L. L.: Avez-vous exercé des pressions sur le fromager Jean Morin?

M. G.: Non. Je n’ai pas fait de pression sur Jean Morin. J’ai conseillé à Jean, et je crois que c’était dans son intérêt, de ne pas mêler business et politique. Il fait des excellents fromages, il n’a pas besoin de faire de politique pour prendre de l’expansion. C’est simplement la recommandation que j’ai faite à Jean. Parce que c’est rare que ça fait bon ménage, politique et business. Donc, c’est tout ce que j’ai dit à Jean. Maintenant, si lui a interprété ça comme de la pression – et je ne le crois pas qu’il ait interprété ça comme de la pression –, là ça devient son jugement à lui.

Maintenant, le fait qu’il décide ou pas de lancer son fromage, ça lui appartient entièrement. Nous, on met en marché le lait. On ne met pas en marché le fromage. On ne peut pas empêcher personne de lancer un fromage. Si le fromage correspond aux standards du MAPAQ, si l’entrepreneur a ses permis, etc., on ne peut pas empêcher le lancement d’un fromage. Il faut que ça soit bien clair, ça. Alors, moi je peux conseiller quelqu’un de ne pas mélanger business et politique – avec ses fromages –, mais la décision lui appartient entièrement.

L. L.: Dans l’hypothèse où M. Morin a interprété votre intervention comme étant de la pression, est-ce que, pour la suite des choses, est-ce que M. Morin peut considérer qu’il est toujours de plein droit membre de la Fédération et qu’il a accès à tout ce que peut lui offrir la Fédération ?
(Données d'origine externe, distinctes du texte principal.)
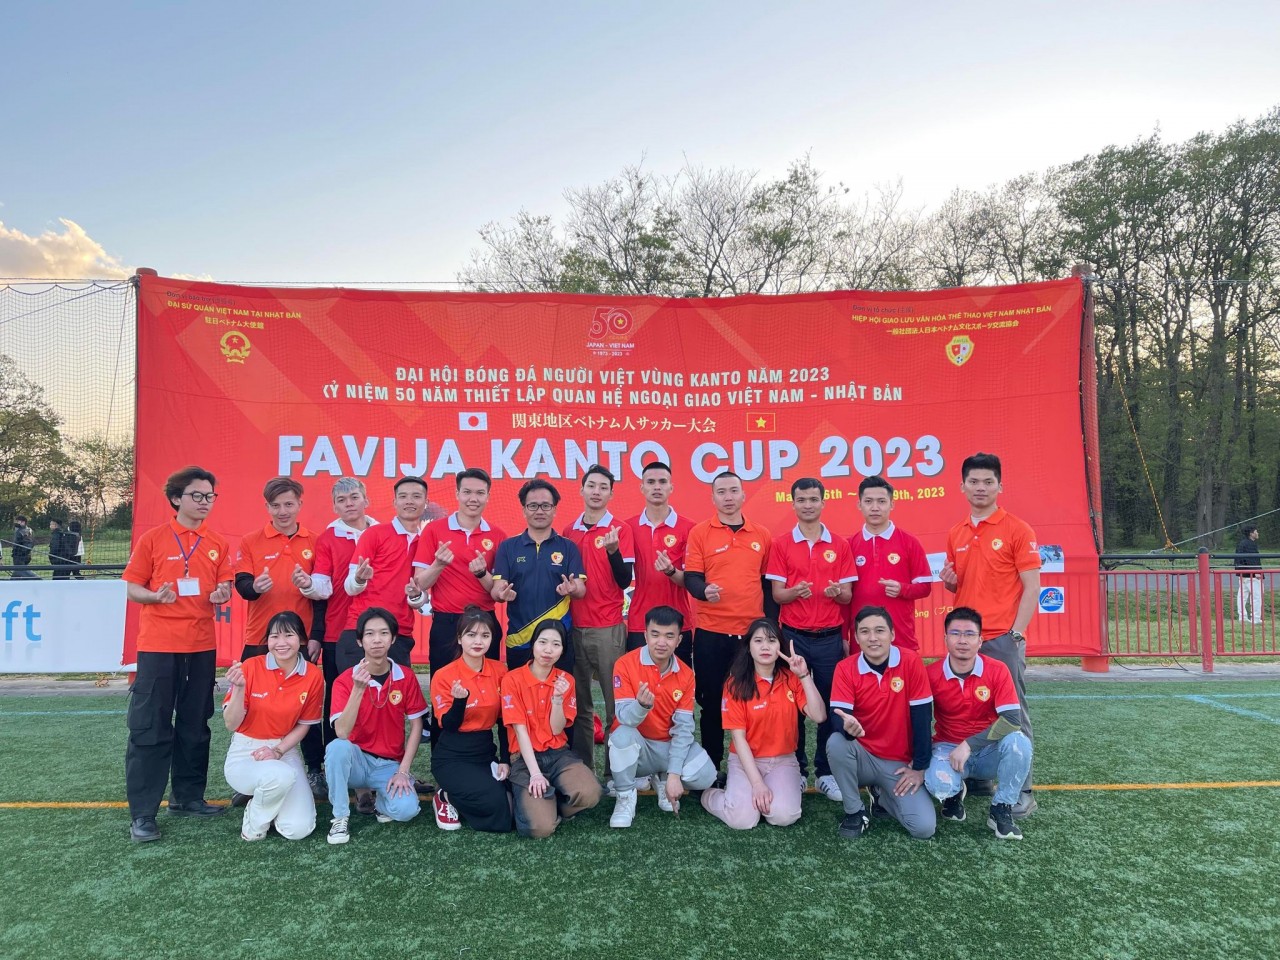 64 đội bóng tranh tài tại giải “FAVIJA KANTO CUP 2023”

M. G.: M. Morin était déjà membre de l’Union paysanne et on le savait. Et on a fait plusieurs commandites avec lui. Au dernier [festival] Montréal en lumière, on avait un gala des chefs ; il y avait le Bleu d’Élizabeth sur cinquante tables, où il y avait huit personnes par table. On a fait beaucoup de choses avec Jean et ses fromages. Donc, c’est sûr qu’on va continuer à travailler avec lui. Qu’il soit membre ou pas de l’Union paysanne, pour nous ce n’est pas important. Mais si il s’en prend à la mise en marché collective avec un fromage, ben là il faut que Jean comprenne que moi, par rapport à mes membres, les producteurs de lait, qui volontairement contribuent à faire la promotion des produits laitiers, ben mes membres qui vont se sentir attaqués, parce qu’on attaque la mise en marché collective, ils vont voir d’un mauvais œil que je continue à contribuer, qu’on continue de contribuer à la mise en marché d’un fromage qui nous conteste. Je pense que tout le monde peut comprendre ça. Et ça, ce n’est pas des menaces. C’est tout simplement de s’expliquer les faits en fonction des décisions qui seront prises.
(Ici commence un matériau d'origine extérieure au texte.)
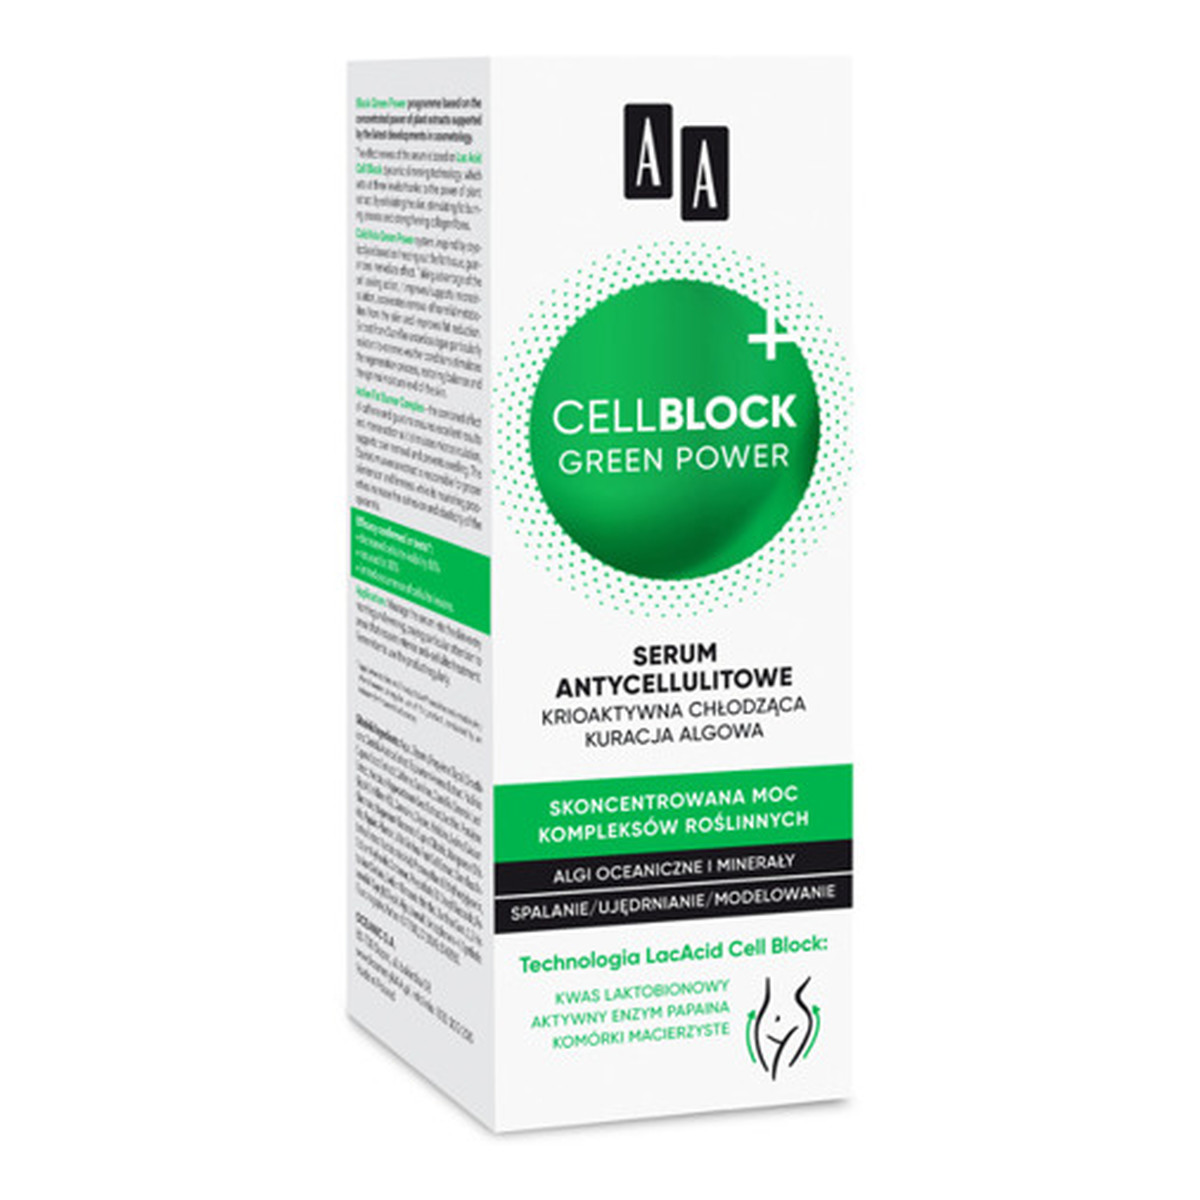 AA Cell Block Green Power Serum Antycellulitowe Krioaktywna chłodząca kuracja algowa 200ml

L. L.: Peut-être une petite nuance: Monsieur Morin ne conteste pas la mise en marché collective, il le dit lui-même. C’est le monopole de l’UPA, le monopole syndical, qu’il conteste. Et non pas la mise en marché collective.
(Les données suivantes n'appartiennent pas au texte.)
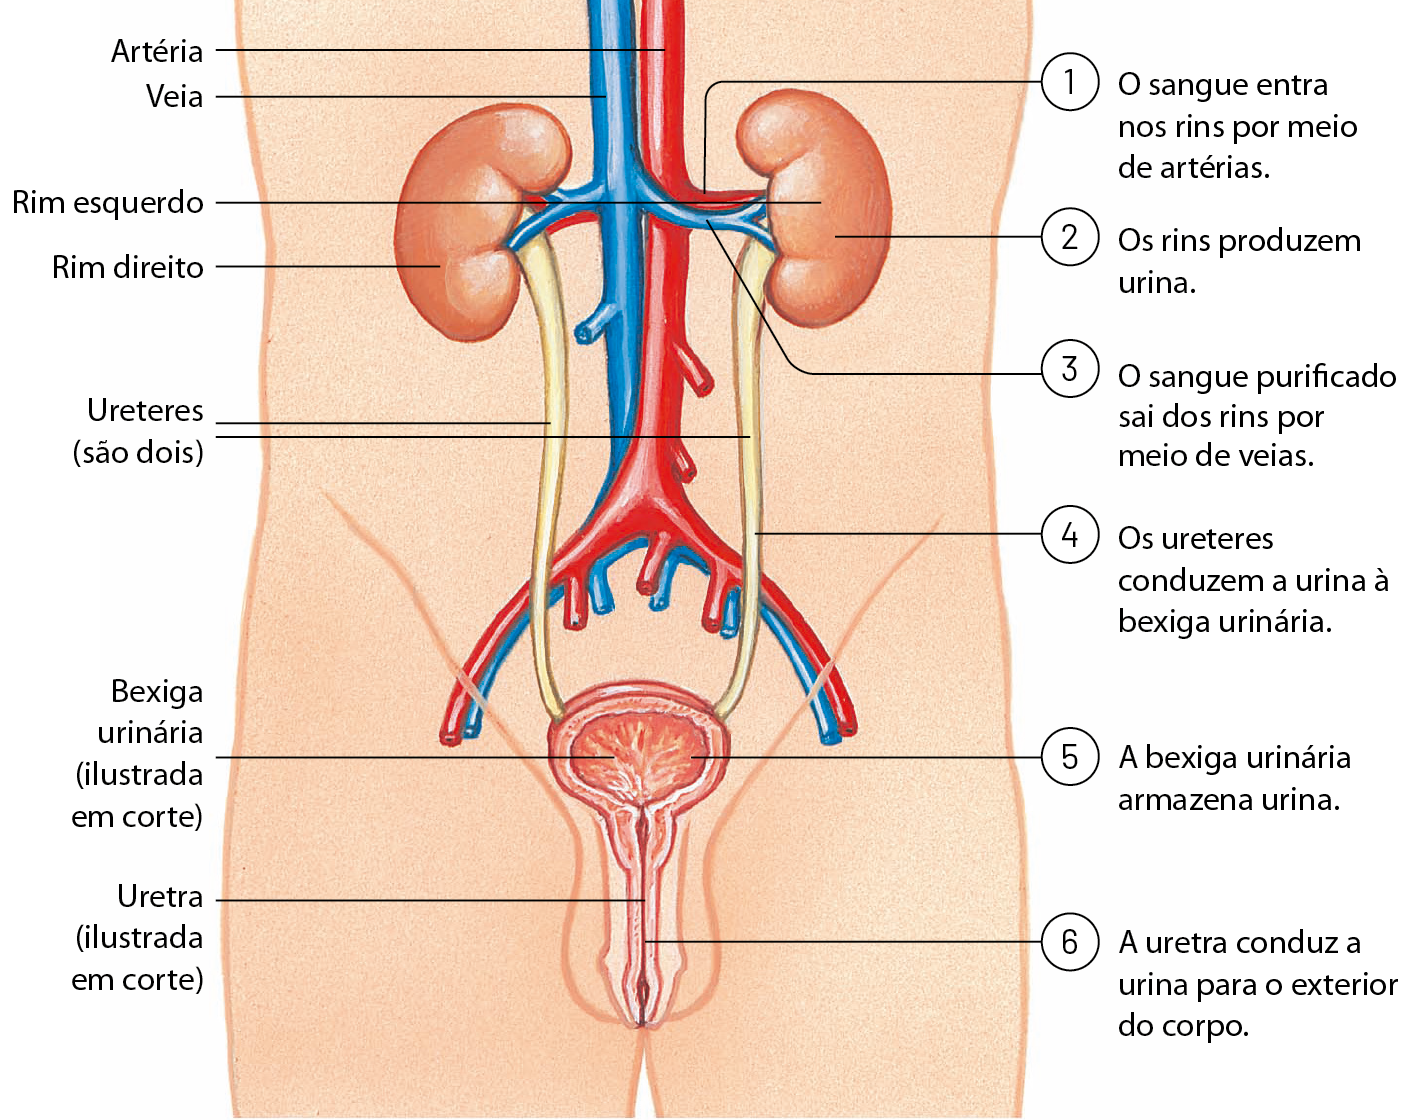 Esquema. Silhueta mostrando apenas o tronco de um homem. No centro, dois tubos de grande diâmetro. Azul: veia e vermelho: artéria. 1: O sangue entra nos rins por meio de artérias. Esses tubos tem ramificações que penetram em estruturas em forma de feijão: rim direito e rim esquerdo. 2: Os rins produzem urina. Dos rins, saem vasos azuis de menor diâmetro. 3: O sangue purificado sai dos rins por meio de veias. De cada rim sai um tubo: os ureteres. Os ureteres vão até uma estrutura arredondada: bexiga urinária (ilustrada em corte). 4: Os ureteres conduzem a urina à bexiga urinária. 5: A bexiga urinária armazena urina. Saindo da bexiga urinária, um canal que passa pelo interior do pênis e vai até a parte externa do corpo: uretra (ilustrada em corte). 6: a uretra conduz a urina para o exterior do corpo.

M. G.: Je viens tout juste de faire une conférence et je l’ai expliqué. Depuis 1972 que la loi a été amendée pour permettre à l’UPA et aux producteurs de s’organiser en plans conjoints. Quand on conteste le monopole de l’UPA, on conteste le monopole des plans conjoints et la mise en marché collective telle qu’on la connaît. Il n’y a pas de dissociation qu’on peut faire à ce niveau-là. Je crois que c’est peut-être là où les connaissances de Jean font en sorte qu’il a mal compris cette nuance-là. On ne peut pas dissocier le monopole syndical – entre guillemets, qui n’est pas vraiment un monopole parce qu’il y a plusieurs fédérations différentes à l’intérieur de l’UPA – de la mise en marché collective. […] Ce que Jean propose, c’est l’affaiblissement du pouvoir politique des producteurs agricoles au Québec. Et ça, moi comme président des fédérations des producteurs de lait, jamais je ne supporterai une telle recommandation.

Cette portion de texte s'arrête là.